* Aim of the task *
From the records below, transcribe exactly the lines that begin at the line with "Land transport services Madhoganj to Begowal" and end at the line with "Leichtester Weg, pochierte", both included.

* Source data *
.....
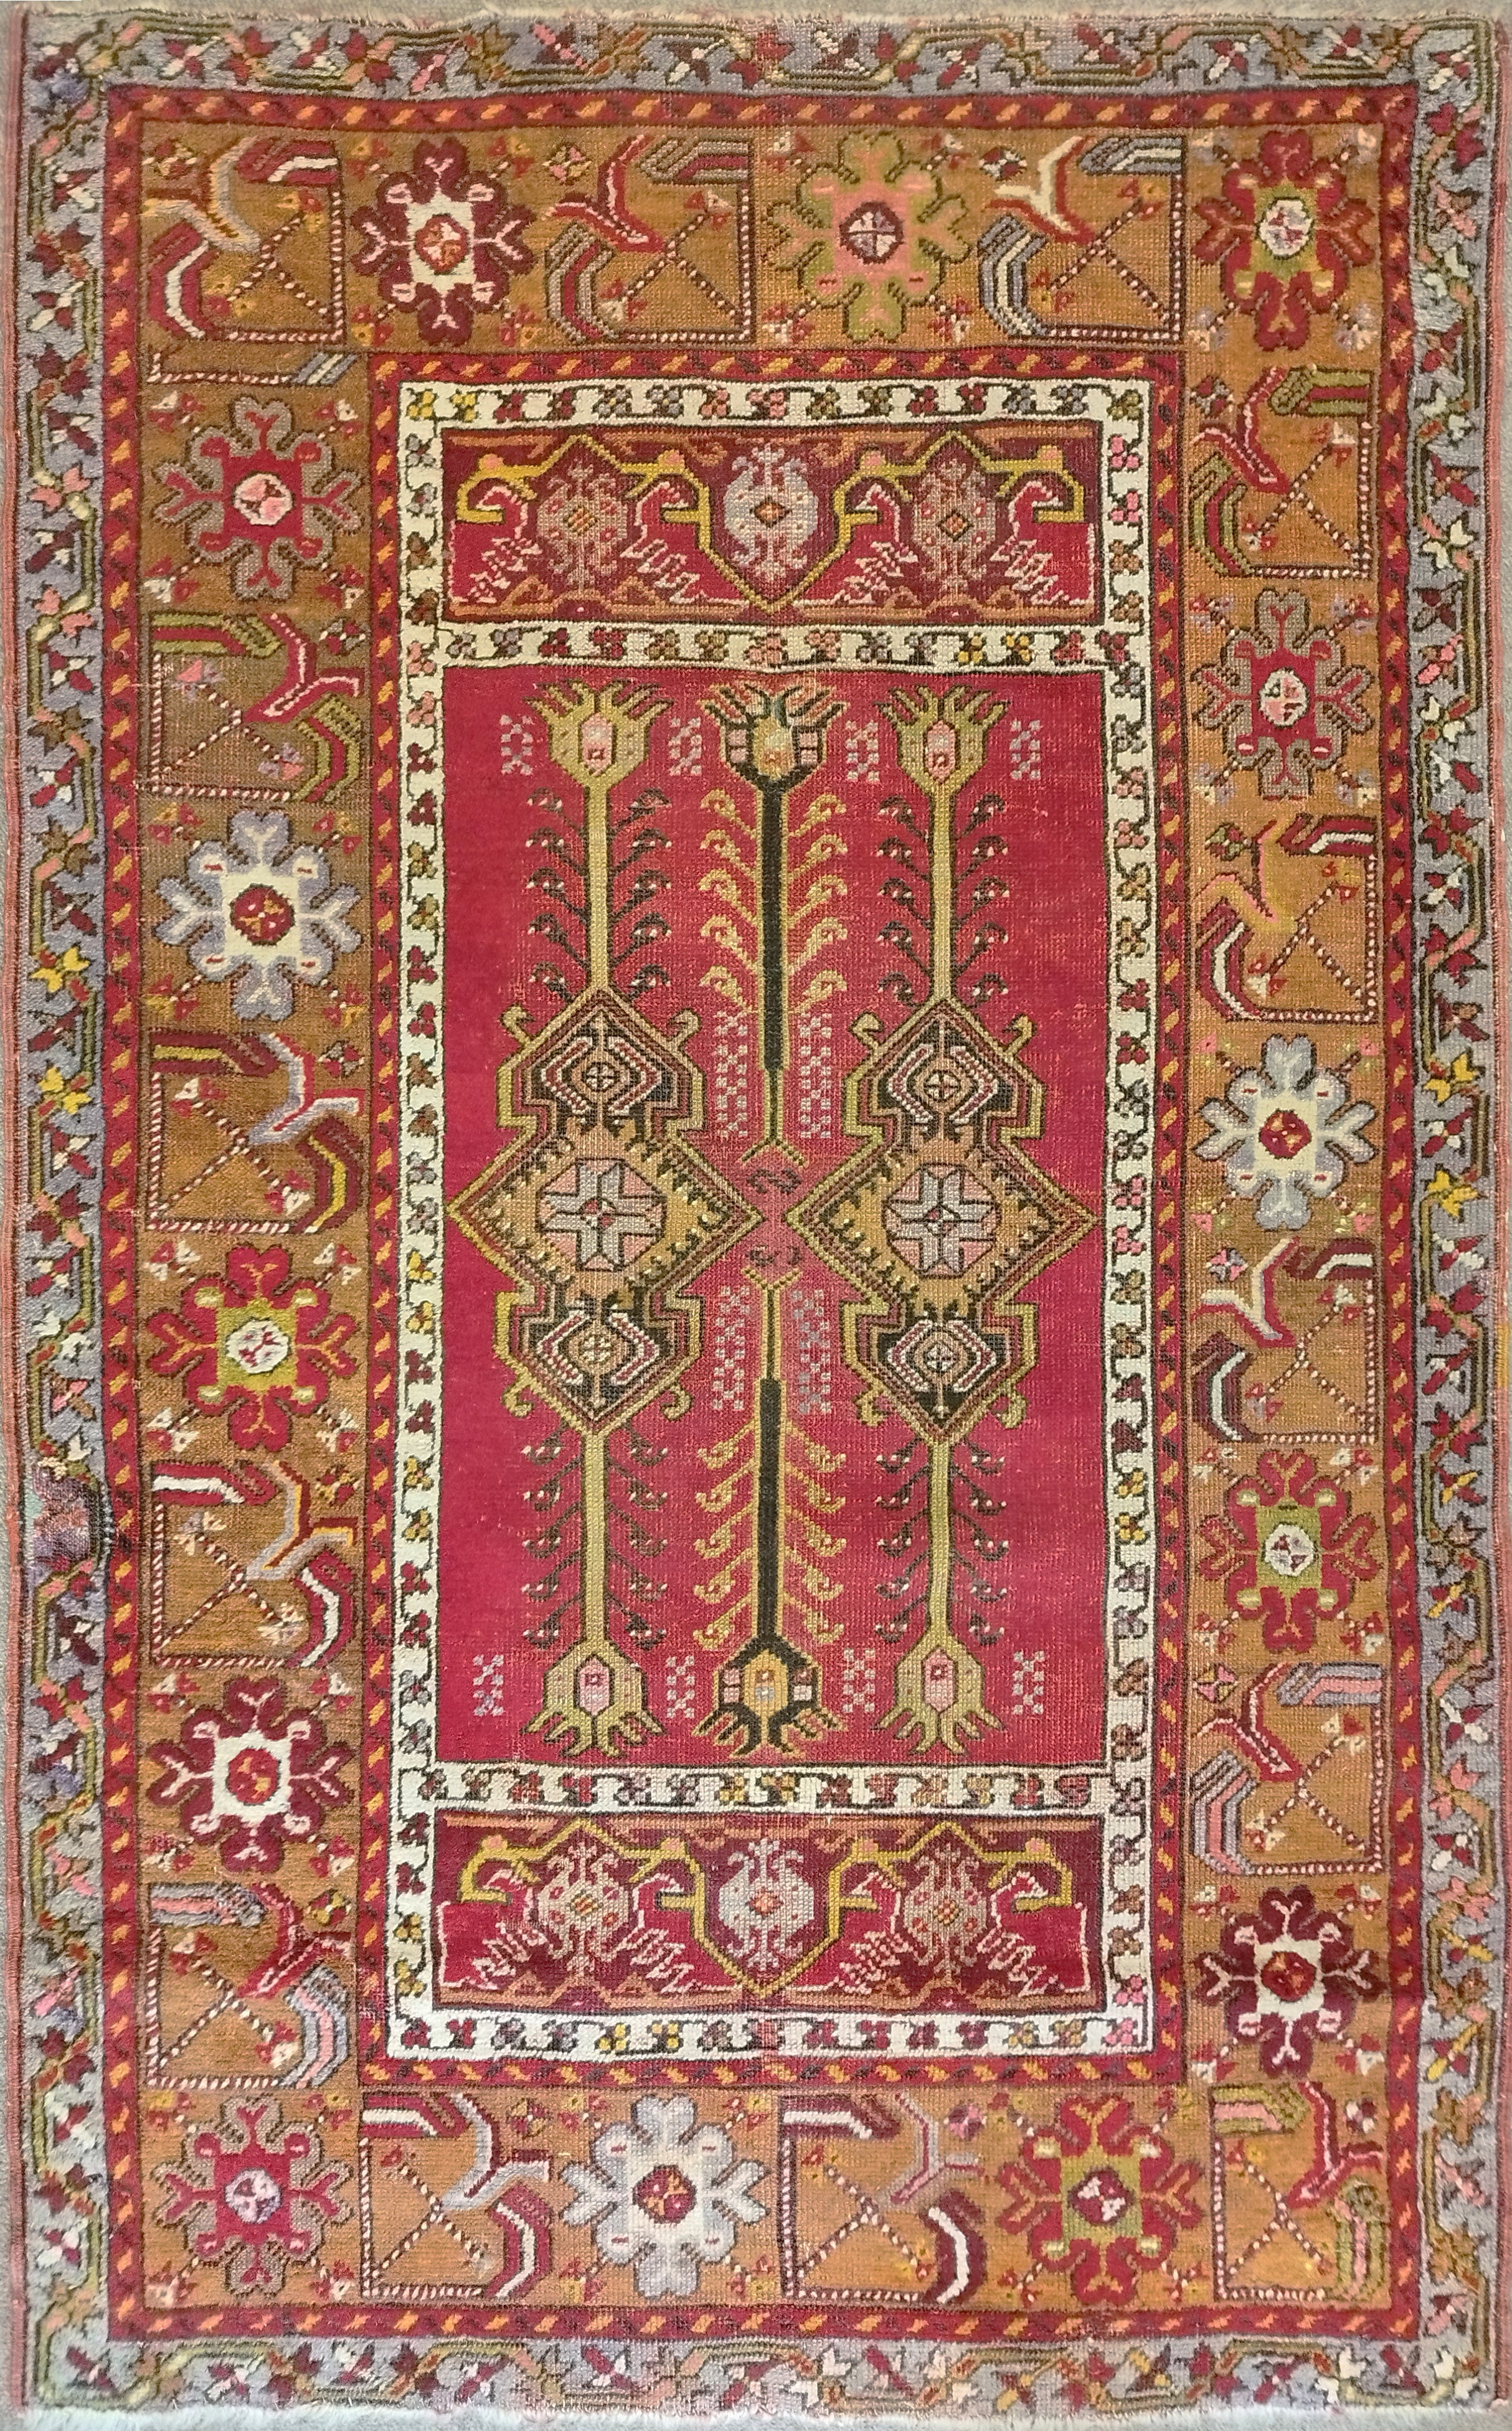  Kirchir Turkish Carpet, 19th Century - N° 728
.....
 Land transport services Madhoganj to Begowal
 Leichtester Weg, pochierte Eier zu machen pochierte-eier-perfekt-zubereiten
.....
* Completed task *
 Land transport services Madhoganj to Begowal
 Leichtester Weg, pochierte Eier zu machen pochierte-eier-perfekt-zubereiten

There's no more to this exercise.